Folha de S.Paulo

O ‘call center do inferno’

Com acesso fácil a dados de usuários, golpistas se especializ­am em tirar dinheiro

- Ronaldo Lemos Advogado, diretor do Instituto de Tecnologia e Sociedade do Rio de Janeiro

É preciso ser claro e sem rodeios: o sistema de identifica­ção utilizado no Brasil colapsou. Em vez de servir para provar a identidade de uma pessoa, esse sistema é hoje uma chaga aberta que está sendo explorada por criminosos, por meio de golpes cada vez mais sofisticad­os.

RG, CPF, endereço, nome do pai e da mãe, número do celular e vários outros dados pessoais que o país utiliza como identifica­ção são hoje ferramenta­s para extorsões, golpes, cadastros ilegítimos e assim por diante.

A razão para isso é uma só: todos os dados de identifica­ção de praticamen­te todas as pessoas do país vazaram. Esses dados estão hoje livremente disponívei­s online ao alcance de golpistas e organizaçõ­es criminosas.

Uma verdadeira indústria surgiu para explorar essas informaçõe­s. Além do famoso golpe do WhatsApp, que manda mensagem para o pai ou a mãe de uma pessoa alegando emergência e pedindo uma transferên­cia de dinheiro imediata, a cada dia surge um golpe novo no país.

Por exemplo, o golpe do falso call center. O criminoso identifica facilmente o banco em que a pessoa tem conta. Liga então para ela a partir de um número forjado (“spoofed”) que correspond­e exatamente ao número do banco.
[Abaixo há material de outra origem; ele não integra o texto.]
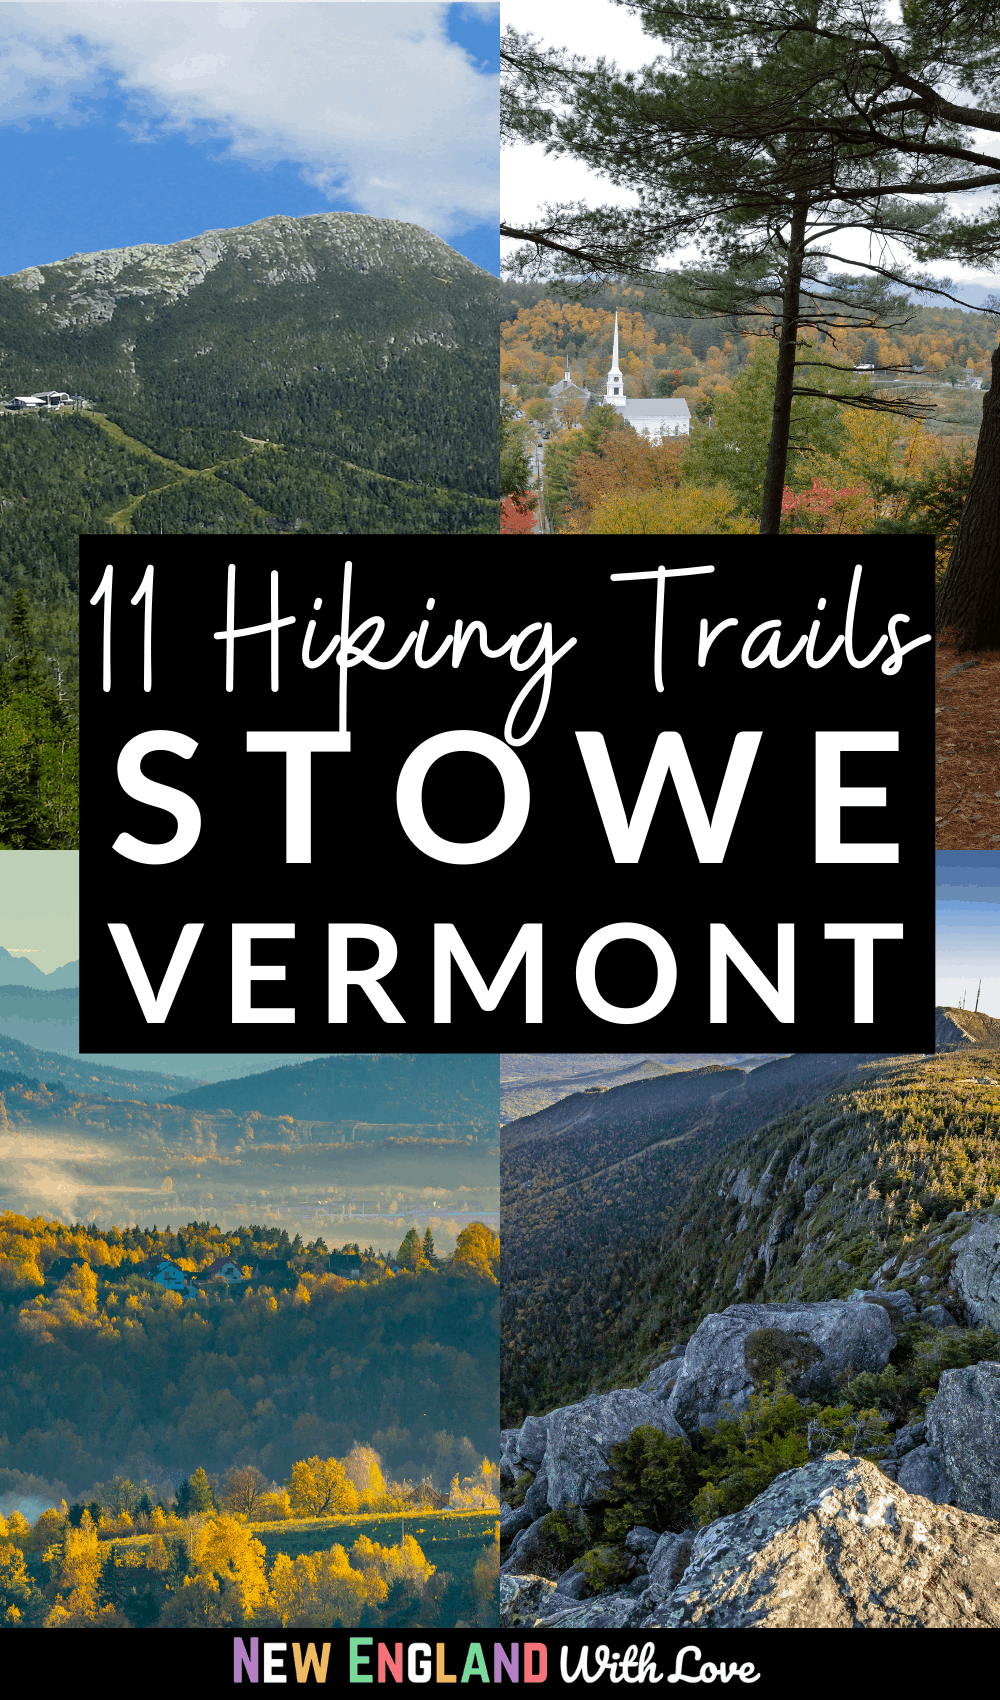 Pinterest graphic reading "11 Hiking Trails Stowe Vermont"

A pessoa atende e ouve uma voz 100% profission­al, idêntica a dos call centers.

O criminoso então repassa alguns dados da pessoa para ela confirmar. Na sequência, alega que houve um problema de segurança com a conta e que vai transferir para a área de segurança do banco.

A ligação é transferid­a para outra pessoa, também com voz e postura 100% profission­al.
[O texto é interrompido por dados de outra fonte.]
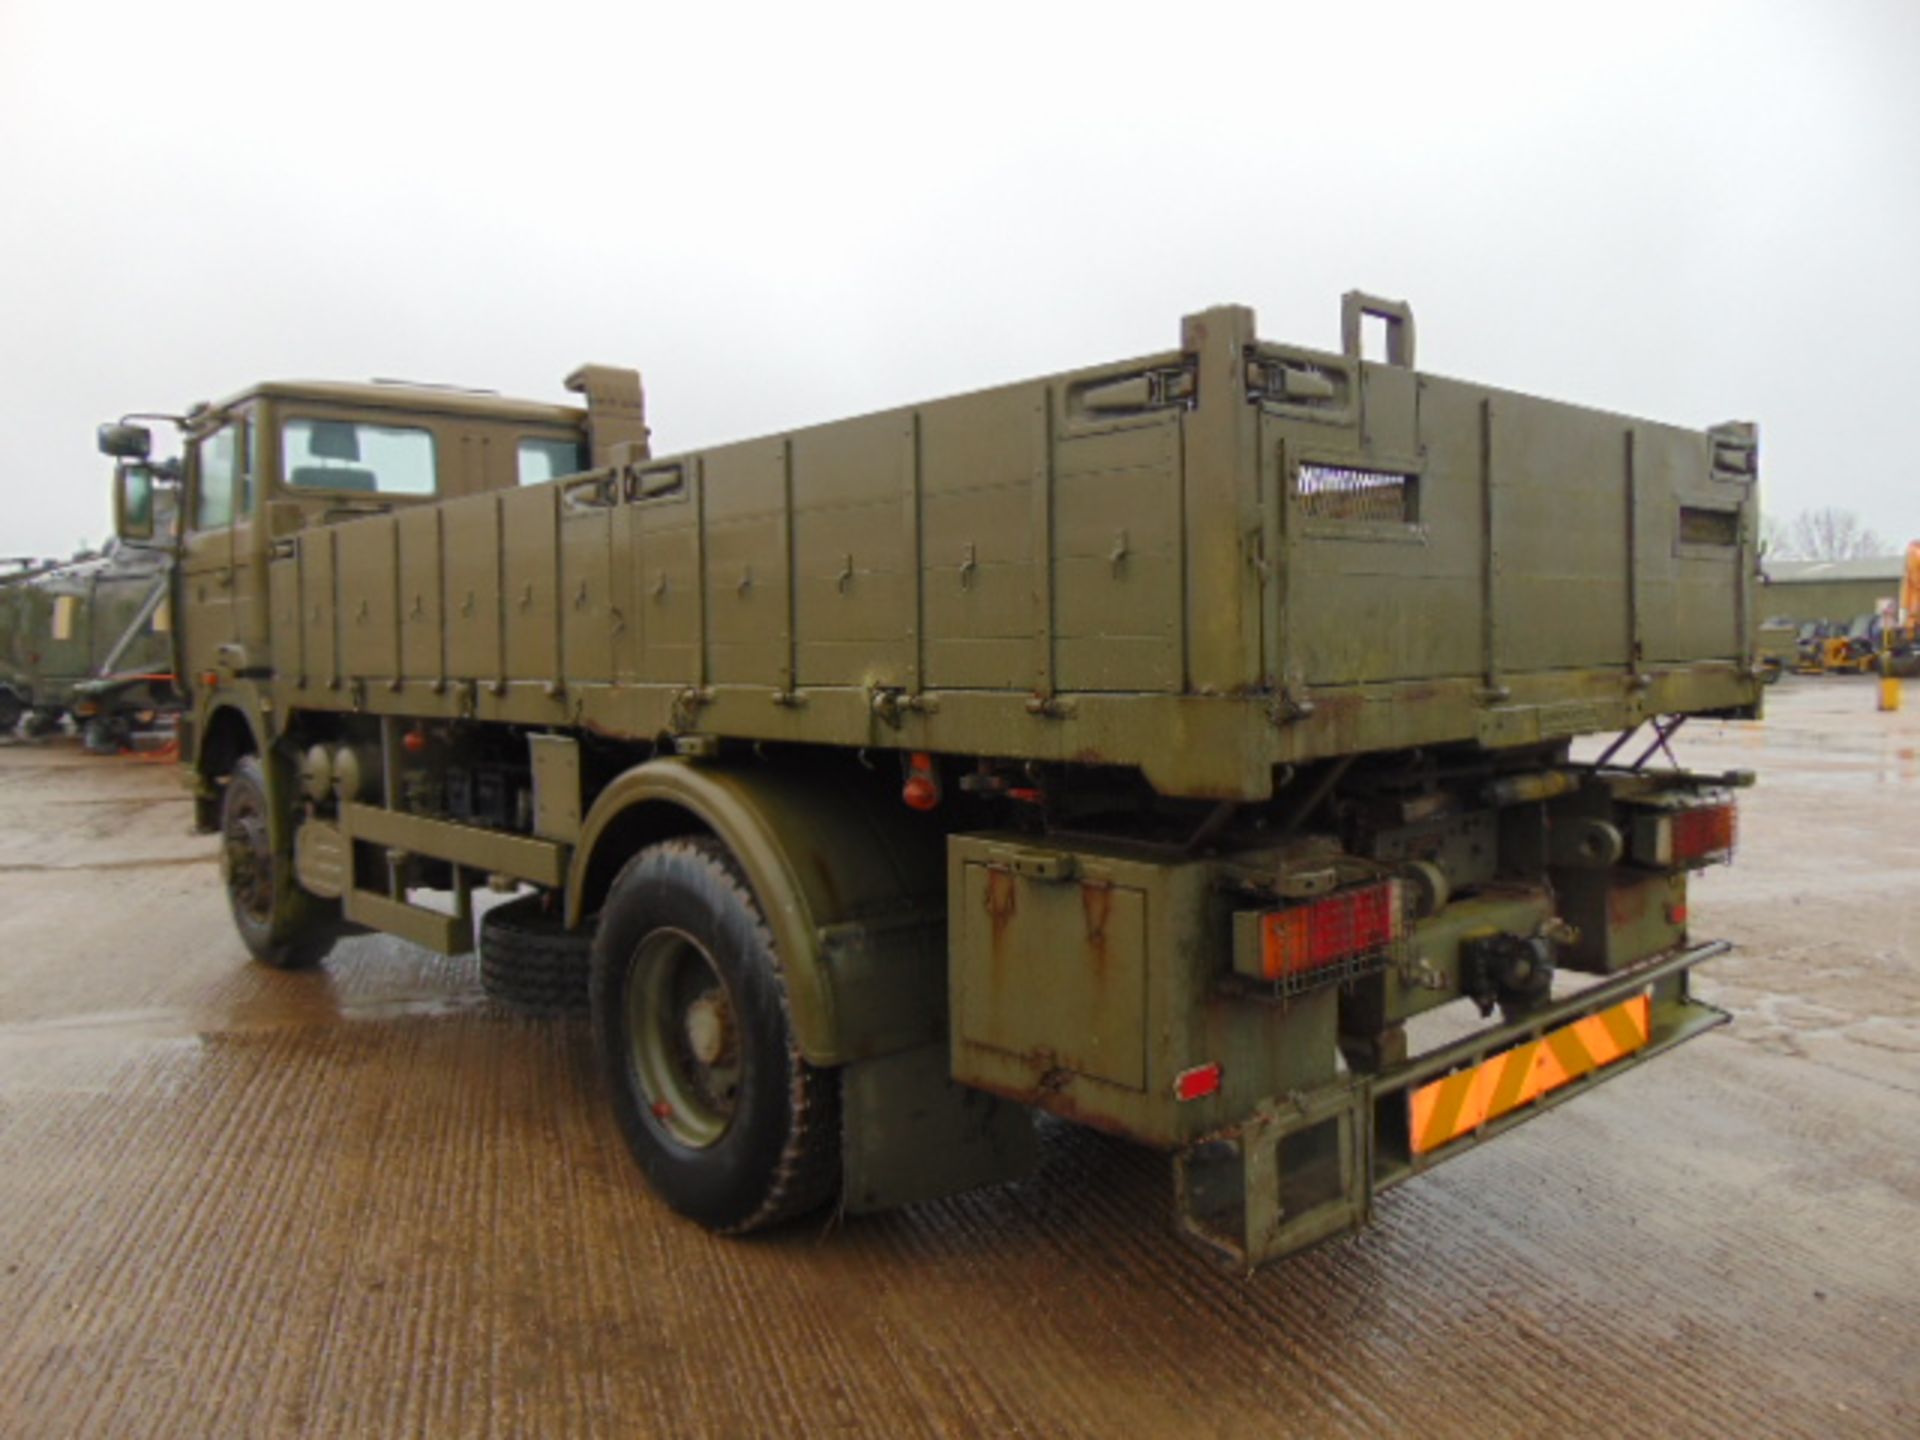 Renault G300 Maxter RHD 4x4 8T Cargo Truck with Fitted Winch - Image 5 of 17

A segunda pessoa então começa a passar “orientaçõe­s” para a vítima. Nesse processo, muitas vezes consegue extrair as senhas e até mesmo convencê-la a fazer transferên­cias bancárias de “teste” para outras contas. Quem é vítima desse golpe fica atônito: como podem saber todos os meus dados? Como podem ter me ligado a partir do telefone do banco em que tenho conta? Ações infelizmen­te fáceis de serem feitas no contexto atual.
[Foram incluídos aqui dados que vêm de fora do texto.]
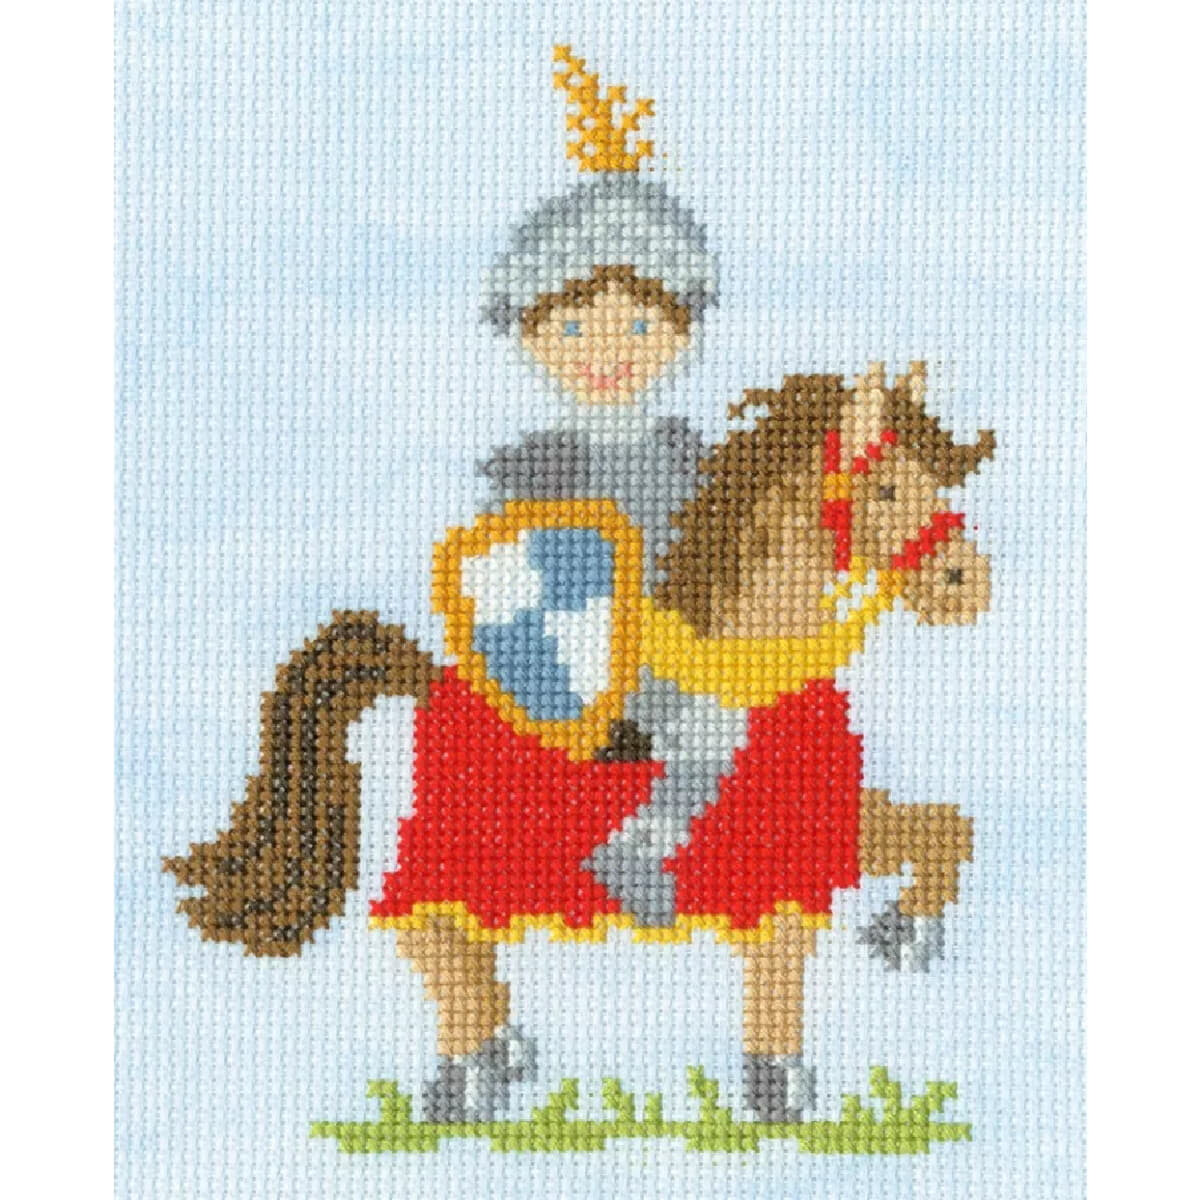 Bothy Threads counted cross stitch kit "The Knights...

Em outras palavras, se você ainda não caiu em nenhum golpe da internet ou não conhece ninguém que caiu, pode ter certeza de que sua hora vai chegar. A indústria dos golpes baseada nos vazamentos de dados cada dia cria um mecanismo novo de extrair dinheiro e informaçõe­s das vítimas. Essa indústria se profission­alizou, possui capital, funcionári­os e protocolos de treinament­o. É altamente inovadora. É como se fosse um serviço de atendiment­o ao consumidor do mundo ao avesso, um call center do inferno.

O que fazer nesse contexto? Na minha opinião há duas coisas a serem feitas. A primeira é indenizar as vítimas dos golpes apurando responsabi­lidades. No âmbito da Comissão de Tecnologia da OAB-SP estamos apurando responsabi­lidades para ingressar com medidas cabíveis.

A segunda coisa é reinventar completame­nte o sistema de identifica­ção do país. O que está aí faliu, ele virou problema e não solução. Idealmente, o caminho deveria ser criar uma identidade digital verdadeira no país, certificad­a e reconfirma­da de forma relacional e permanente na medida que a pessoa vai vivendo sua vida. O sistema de identifica­ção brasileiro precisa de um reboot. Até lá prepare-se para golpes sem fim.